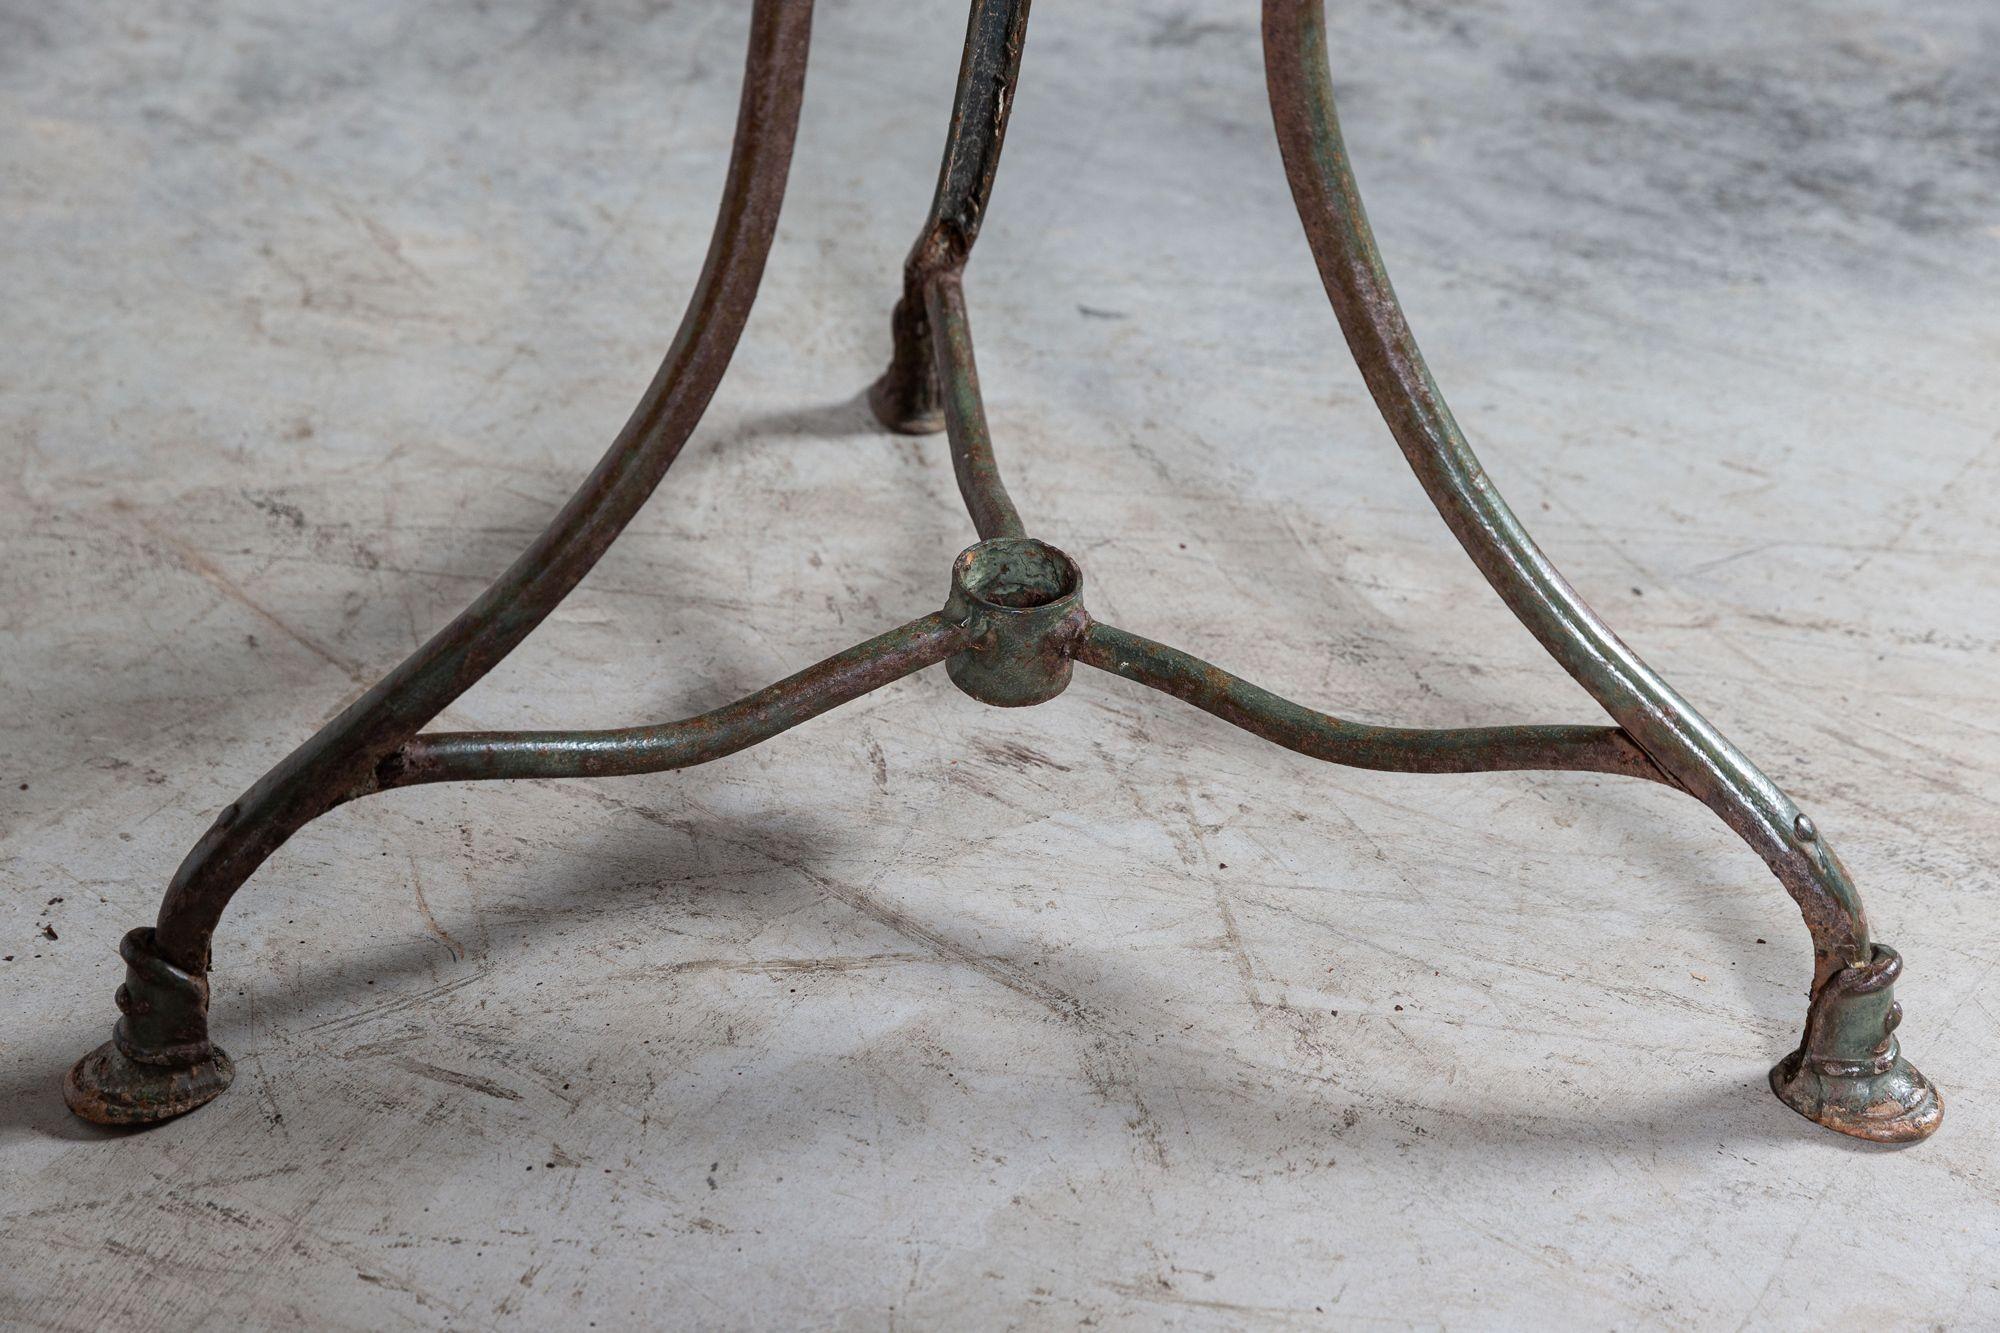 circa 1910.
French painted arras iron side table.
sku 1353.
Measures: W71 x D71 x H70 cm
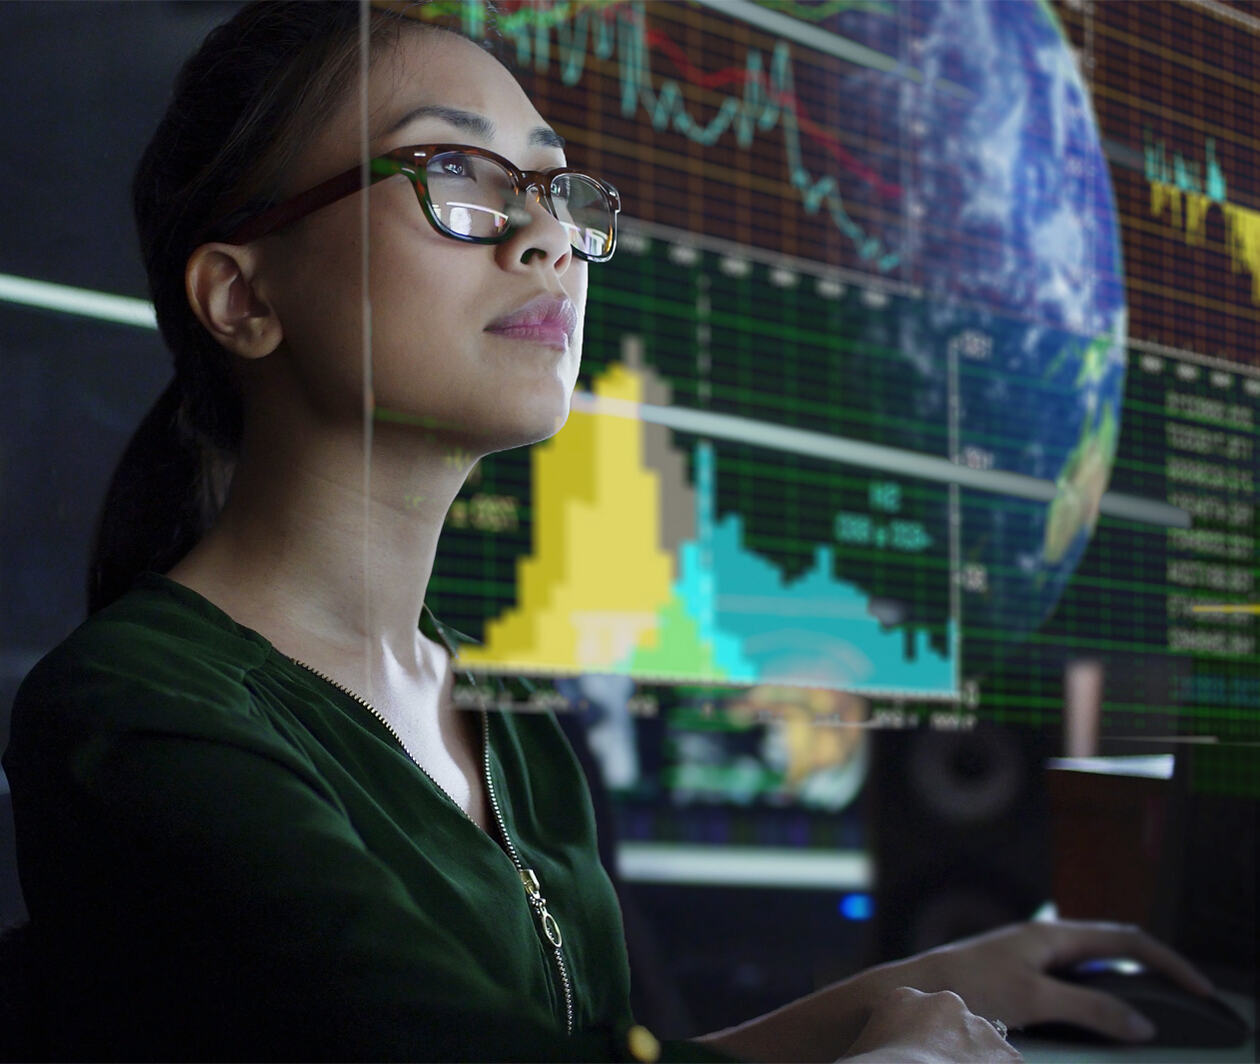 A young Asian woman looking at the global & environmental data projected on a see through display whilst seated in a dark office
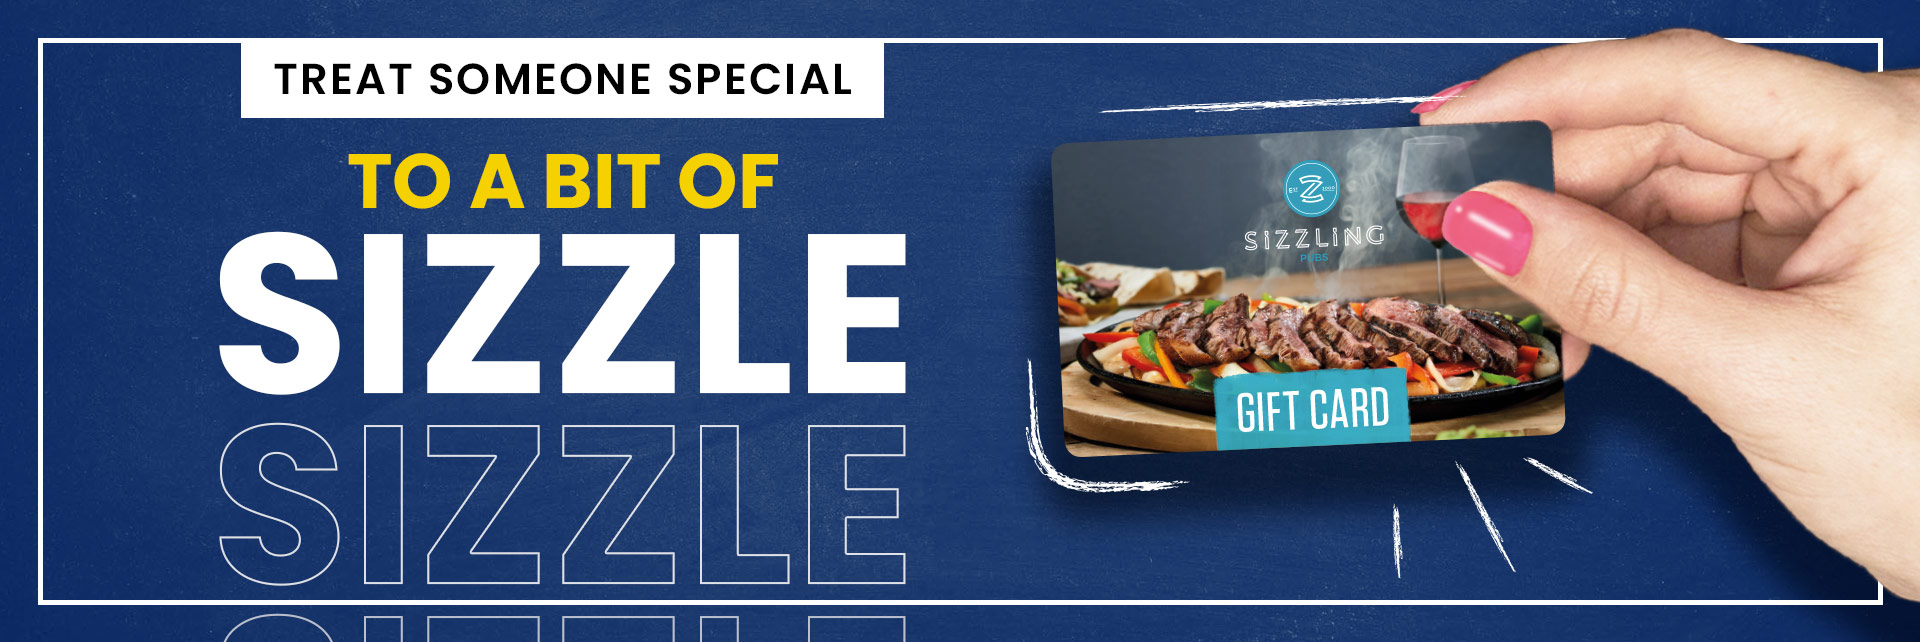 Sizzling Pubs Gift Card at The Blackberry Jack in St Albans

========

TASK STATEMENT: Please output an exact repetition of the lines from the line containing "A young Asian" to the end of the records, both included, with no pictures and no additional text.

TASK RESPONSE:
 A young Asian woman looking at the global & environmental data projected on a see through display whilst seated in a dark office
 Sizzling Pubs Gift Card at The Blackberry Jack in St Albans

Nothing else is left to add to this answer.